Si nous admettons que c’est plutôt l’article 1er qui est visé, il faut ajouter que l’article 2 (celui-là même qui a été annulé !!!) est non pas annulé mais modifié par l’expression « dans une démarche consensuelle »
- Cette précision est tout le contraire d’une précision, tout simplement parce que
Le président et ses vice-présidents sont déjà dans une démarche consensuelle et si le consensus devait les concerner seuls, on ne voit pas l’intérêt de le mentionner.
En réalité le consensus relève du domaine des conflits politiques et je conviens qu’il était mal aisé pour de la Cour d’en faire état.
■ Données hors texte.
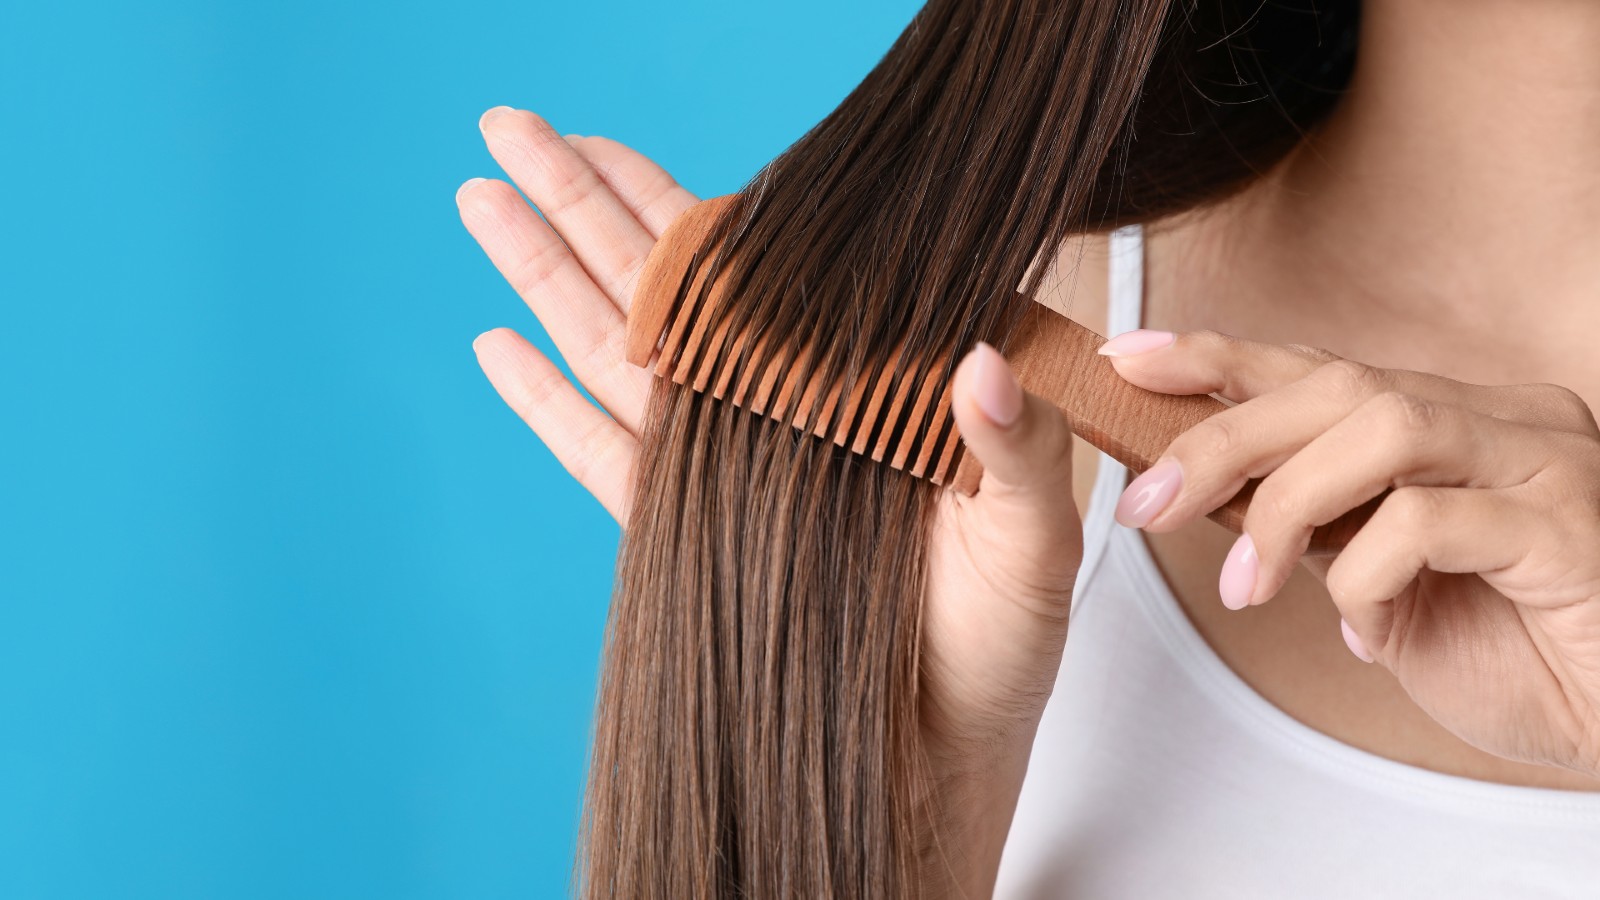 know these 8 tips for natural hair growth.नेचुरल हेयर ग्रोथ के लिए जानें  विशेषज्ञ की बताई 8 टिप्स। | HealthShots Hindi

Mais alors pourquoi en parler ?
Etait-ce le rôle de la Cour d’inviter au consensus ? Avait-elle besoin d’ailleurs de le faire alors que justement toute la vie politique du pays se déroule dans l’ambiance de ce baume archaïque et délétère?
Cela fait un peu plus de 20 ans que dans ce pays on parle de « consensus » pour régler tous les problèmes y compris dans les domaines où la loi a clairement tranché. La loi existe ? Mais elle ne convient pas à telle ou telle partie ! Qu’a cela ne tienne ! Cherchons un consensus !....
Notez bien qu’il existe une autre lecture possible, plus cohérente, et qui mettrait le texte de l’article 3 de cet arrêt historique à l’abri des sourires. Quand la Cour dit : « article 3 : déclare anticonstitutionnelles et annulées les dispositions de l’article 2 de la loi n° 10-003/CAUCI du 1er mars 2010 déterminant la date des élections du Président de l’Union et des gouverneurs des îles…, » rien ne nous interdit de comprendre qu’il s’agit de la loi qui détermine la date des élections et non de son article 2, qui donc aurait été annulé en ce qu’il dispose que les autorités de l’Union continuent à exercer leurs fonctions jusqu’aux nouvelles élections.
Et alors tout deviendrait clair : la date fixée par l’article 1 serait bien la même, (27 novembre 2011), il n’y aurait que l’art 2 de la loi qui serait touché, ….. Et voilà que l’on retombe dans le carcan du consensus…..
La Cour Constitutionnelle n’avait pas le droit de nous plonger dans cette obscurité totale.
Elle avait le devoir de répondre clairement à la question qui lui était posée.
Ne l’ayant pas fait, il incombe aux acteurs de ce drame, c’est-à-dire aux politiques de saisir la Cour de toute urgence en interprétation. C’est une procédure normale et qui s’applique devant toutes les juridictions, et notamment celles ayant jugé en dernier ressort ou dont la décision est devenue définitive faute de recours.
Or pour les raisons que nous venons d’indiquer, cette décision pour toutes les parties, pour tout le pays, est une patate chaude. Il faut vite la renvoyer à l’expéditeur.